Particularmente desagradável e excessivo é o massacre sem trégua, durante o filme inteiro, da jovem, inocente e bela Inês, personagem interpretada pela apetecível Natalie Portman. Presa e torturada pela Inquisição por não gostar de porco – o que para a jurisprudência viciada desse tribunal eclesiástico constituía prova de prática de rituais judaicos – a pobre moça é ainda abusada pelo infame Lorenzo numa sórdida enxovia, onde é deixada apodrecendo por quinze anos. Quando todos os prisioneiros da Inquisição são libertados pelos franceses, Inês, reduzida a um trapo humano, sai da masmorra apenas para descobrir que as mesmas tropas que lhe deram liberdade mataram toda a sua família, e para ser aprisionada de novo, desta vez num hospício, pelo mesmo Lorenzo – agora mais republicano que Robespierre –, sem jamais reencontrar a filha cujo pai era o ex-padre. E o pior de tudo é que a infeliz continua apaixonada até o fim pelo miserável que a destruiu. Inês lembra um pouco Ana, de Ana e os Lobos, estuprada e assassinada por três homens que representam os poderes opressores da Espanha de Franco. Inês – cujo nome em latim quer dizer “cordeiro” – é a Espanha, eternamente apaixonada por seus opressores.

Mais uma metáfora: Goya fica surdo a partir da segunda metade do filme, quando o país luta para se livrar dos invasores franceses. Se a mulher espanhola ama quem a “fode”, o homem espanhol não escuta à voz da razão.

Curioso também que, quando os ingleses expulsam os franceses da Espanha – e a filha de Inês, Alicia, que havia se tornado prostituta, acaba como a nova amante de Wellington – é restaurada não só a decadente monarquia espanhola, na pessoa do incompetente Fernando VII, mas também a execrável Inquisição. Ora, foram justamente os historiadores ingleses, desde os conflitos entre Inglaterra e Espanha no século XVII, que pintaram a Inquisição espanhola com as tintas diabólicas que até hoje não se desbotaram. Pois antes de se tornar mero instrumento de terror e poder, esse tribunal chegou a servir à Justiça, cujo conceito era bem diferente do que conhecemos hoje.

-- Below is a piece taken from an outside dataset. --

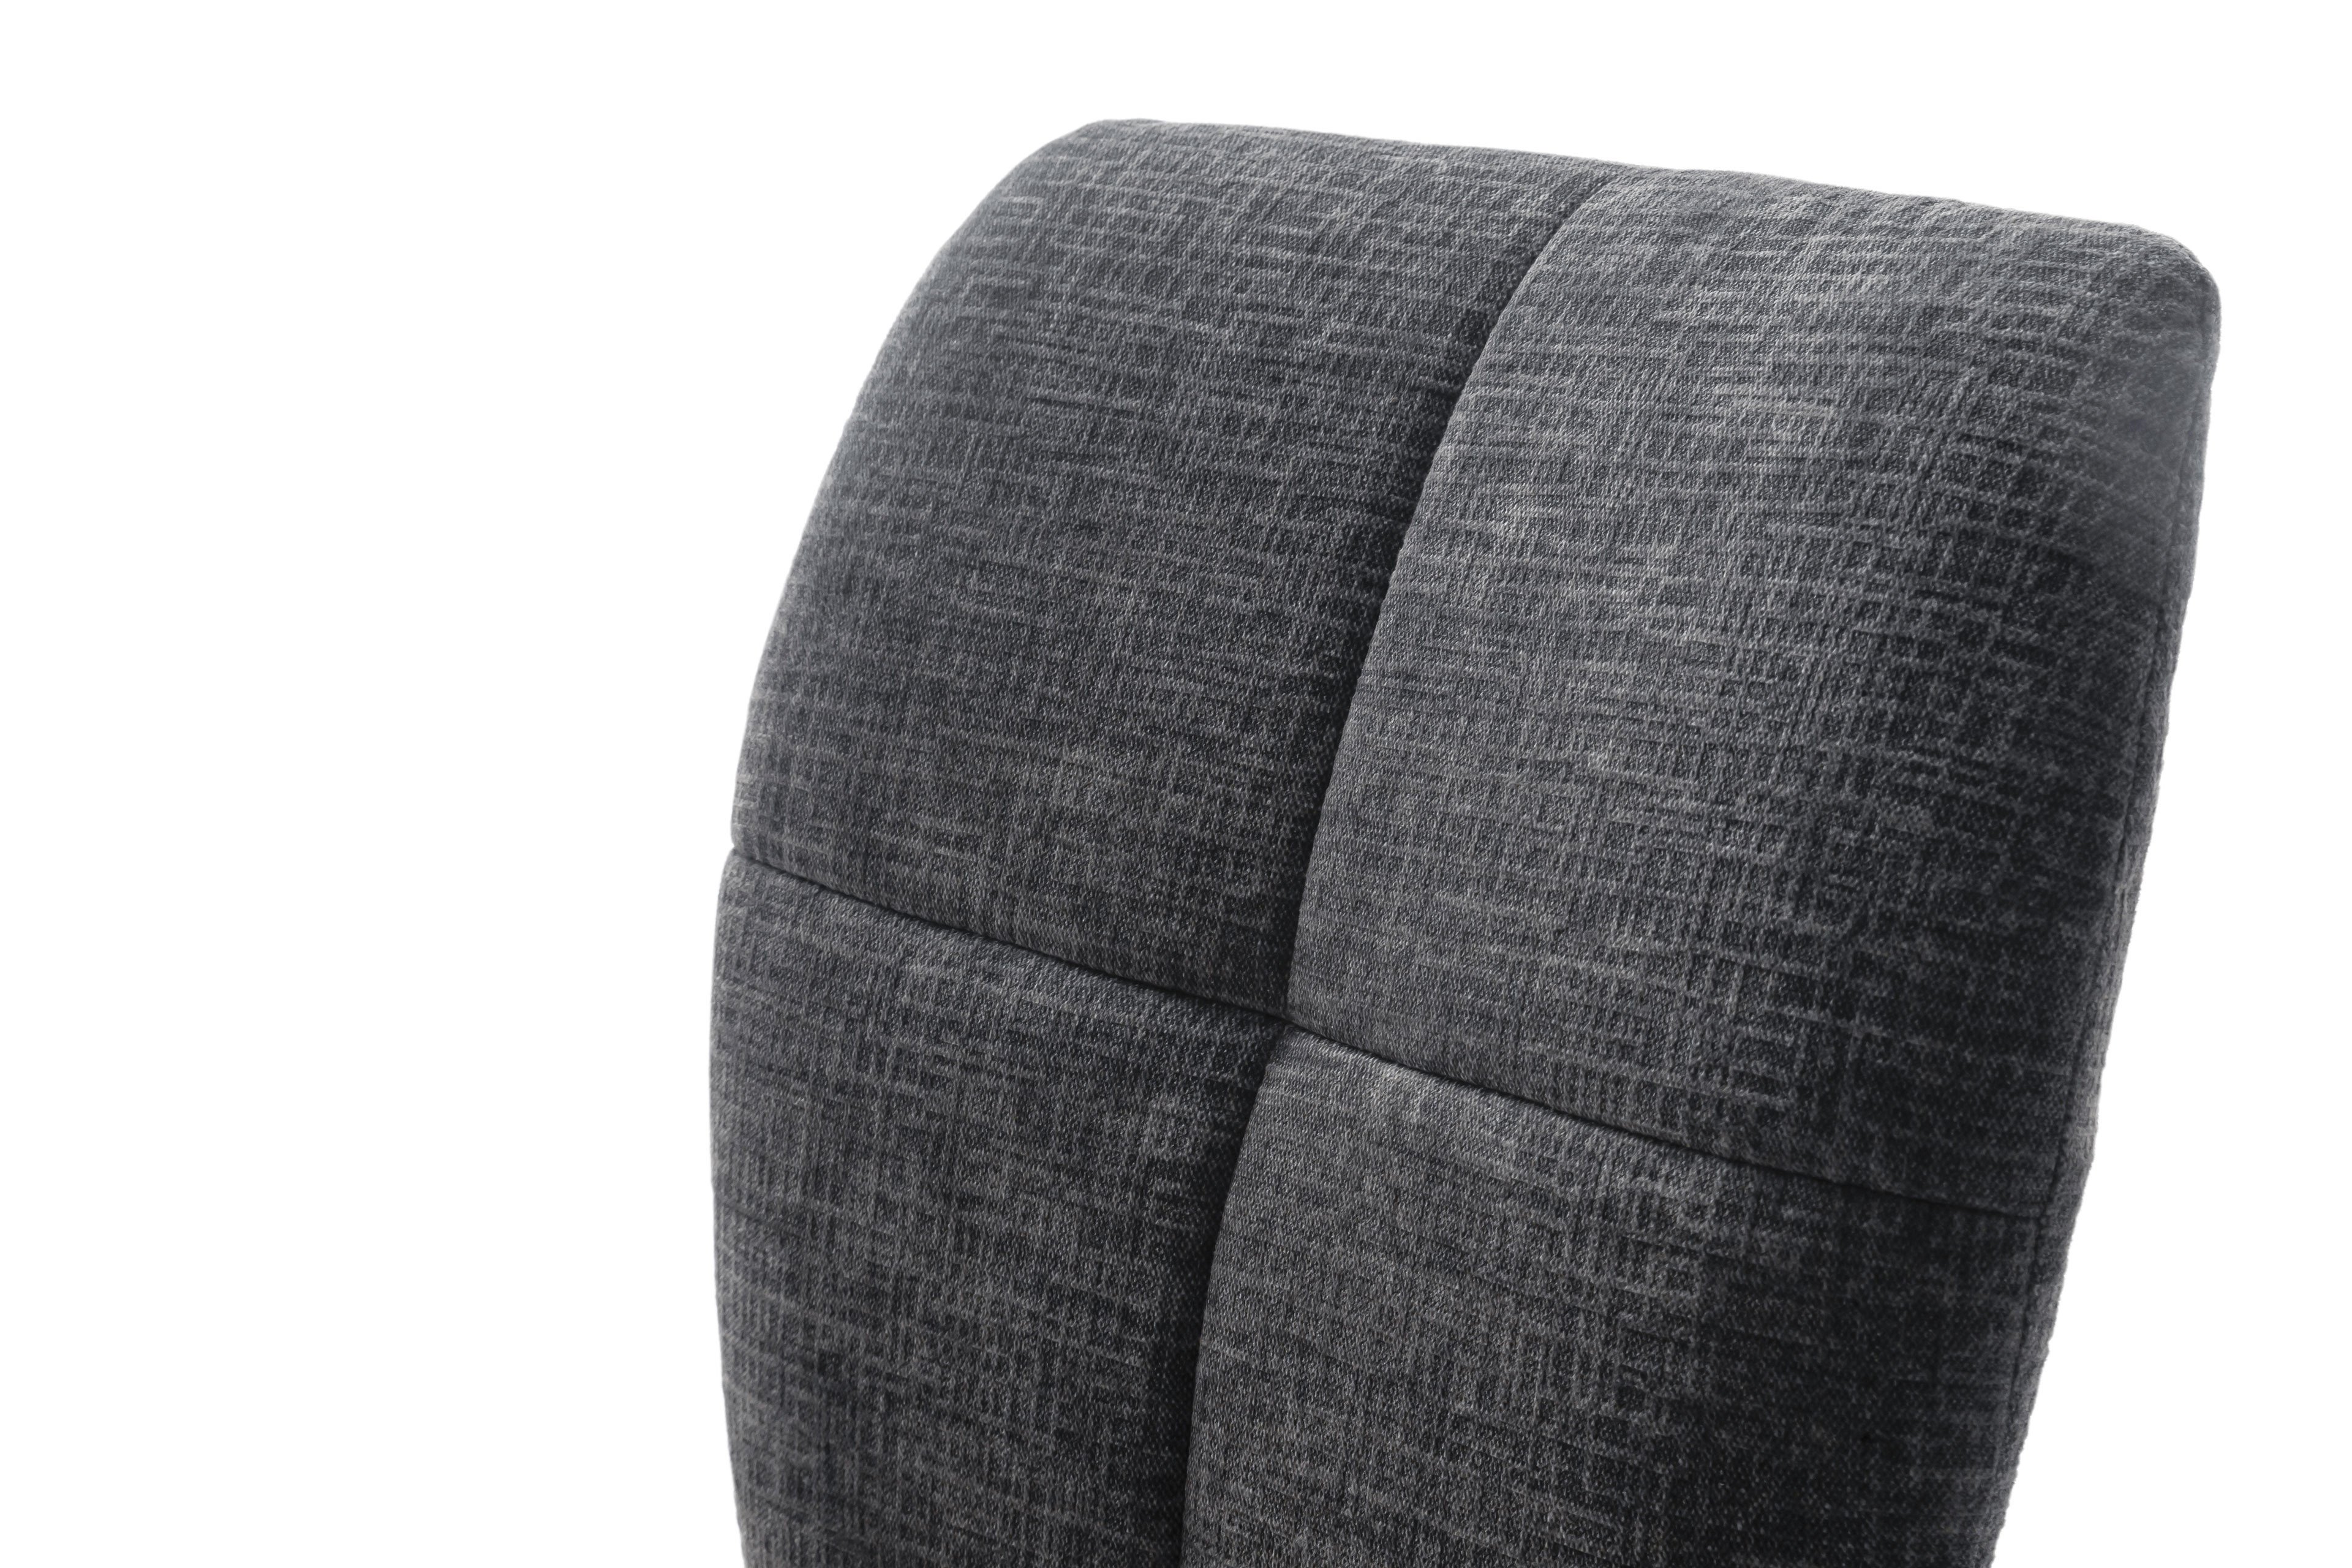 Stuhl Kea von MCA furniture mit schwarzem Stativgestell | Möbel Letz - Ihr  Online-Shop

Se Fantasmas de Goya funciona melhor como História que como Cinema, é preciso observar que o drama de Inês é historicamente improvável. A perseguição da Inquisição aos marranos ricos – e Inês, no filme, é de família rica – tinha propósitos pecuniários bem como teológicos. Quando um infeliz era acusado de heresia e, sob tortura, confessava sê-lo, o interrogatório da Inquisição procurava fazer com que toda a família fosse implicada também, pois os bens dos “hereges” eram confiscados pelo sinistro tribunal. Ora, isso não acontece no filme, embora Bilbatúa, o pai de Inês, fosse rico e descendente de judeus; ele seria, na verdade, uma presa muito mais atraente para a cobiça inquisitorial do que a sua filha.

Condenada juntamente com o pai e o noivo, Branca Dias, da ótima peça de Dias Gomes O Santo Inquérito, é uma vítima da Inquisição muito mais plausível e convincente do que a Inês interpretada pela judia Portman e dirigida pelo filho de vítimas de Auschwitz Forman. Dominada pelo lobby judaico, Hollywood tem mania de exagerar nos paralelos entre a Inquisição e o Holocausto, coisas completamente diferentes.